Принятие своей судьбы как закономерности — не то же, что принятие возмездия за грехи отцов, своего класса или народа. Я признавала и признаю только личную ответственность за свои поступки и не считаю себя причастной к трагедии, которая произошла в России. Когда Вера говорила, что ей стыдно здесь, в лагере, быть русской, так как «мой народ угнетает другие народы», — мне это было непонятно. И позже я спокойно ездила в Прибалтику, чувствуя себя там гостем, а не оккупантом. Если бы на меня кто-нибудь косо там посмотрел, я бы объяснила, почему не надо ко мне чувствовать вражды.
Я даже подозреваю, что это упомянутое чувство вины — не многого стоит. Оно абстрактно: такую вину нельзя искупить, в ней бесплодно каяться.
На 20-й колонне я дружила ещё с одной немкой, Урсулой. На эту дружбу с беспокойством смотрели мои подруги и знакомые. Лена печально констатировала, что её соплеменница «швайн»: Урсула была из тех, кого в лагере называли по-разному — от смешливого «оно» до, по-блатному, «кобёл». Термин «лесбиянка» не был принят. Желая походить на мужчин, такие женщины часто ходили в брюках и коротко стриглись. Особенно много их было среди блатных, на втором по количеству месте — немки, бывали они и среди нашей интеллигенции.

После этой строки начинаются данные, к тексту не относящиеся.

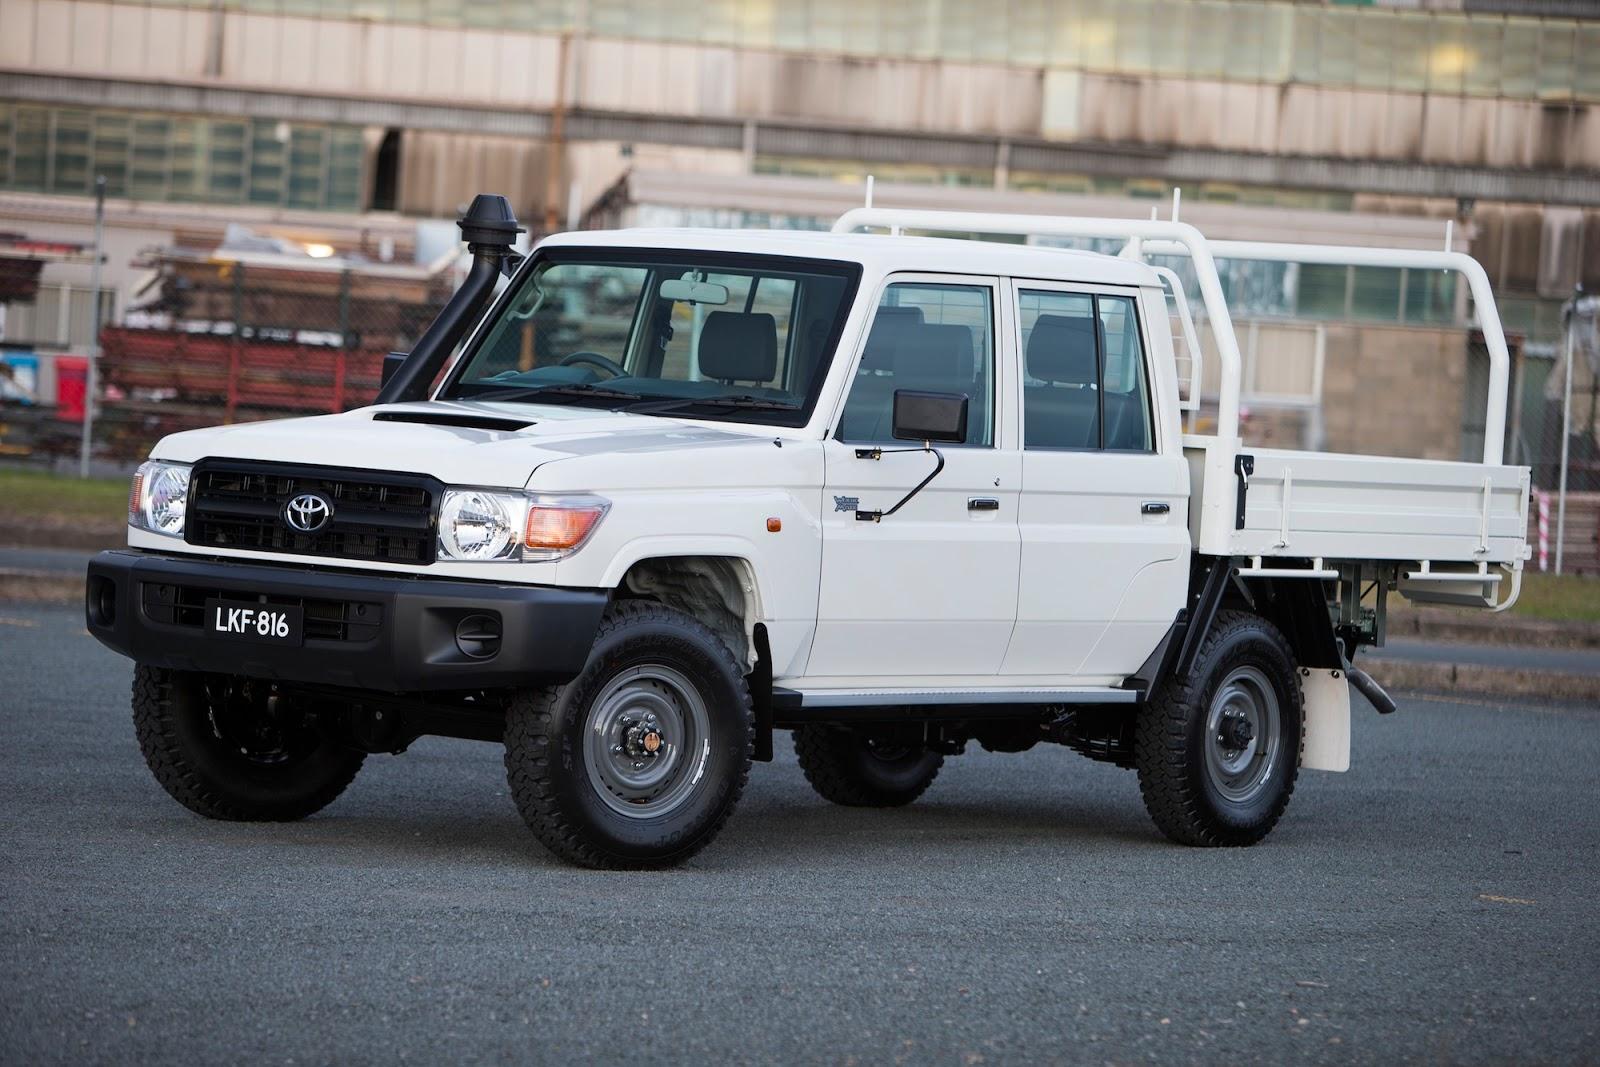 Chúng ta thường thấy những chiếc xe này tại các vùng hoang mạc, khô cằn

Украинки — в своём большинстве крестьянки — а также религиозные, были неподвержены моральному разложению, неуязвимы для всякой лагерной заразы — доносительства, воровства, сожительства с начальством и, наконец, лесбиянства[70]
. Среди религиозных женщин случалось наблюдать проявления экзальтированной дружбы, но не более того.Откровенно вели себя блатные. Явление это запечатлено в их фольклоре. Известна поговорка: «Попробуешь пальчика, не захочешь мальчика». Впрочем, говорят, что, попав в нормальные условия, большинство заражённых этим пороком быстро от него избавлялись. Помню частушку, которую под гитару пела одна блатная:
Помню, как во время работы на слюде одна молоденькая блатная рассказывала эпическим тоном: «Я была тогда девушкой. С мужиками не жила, только с бабами».
Однако и среди них, совсем пропащих, можно было встретить большую самоотверженность, связанную с этой дружбой. Чтобы избежать этапа, не допустить вечно грозящей в лагере разлуки, они были способны сделать себе «мастырку» — искусственную болячку, рану. Помню смешную маленькую блатную Зайцеву, избежавшую этапа с помощью грифеля от химического карандаша, и победоносно ходившую по зоне с фиолетовыми глазами. А одна женщина умерла, впустив себе мыло в вену.
В интеллигентной среде всё было скрыто, завуалировано, двусмысленно. Довольно редко открыто признавались в пороке, но и это бывало. Мне говорила Тамара, дочь русских эмигрантов, влюблённая в красивую эстонку Ванду: «Я была два раза замужем, но только от Ванды хотела бы иметь ребёнка». Тамара страшно ревновала свою красотку к известной разлучнице, чешской еврейке Елене. Именно этим Елена была знаменита на трассе. Из обольщённых ею помню художницу-литовку, хрупкую блондинку, которая обменивалась с Еленой любовными письмами с рисунками. Рисунки изображали две парящие в воздухе женские фигуры, обвитые чёрной змеёй. Письма эти Елена показывала с гордостью, наверное не мне одной.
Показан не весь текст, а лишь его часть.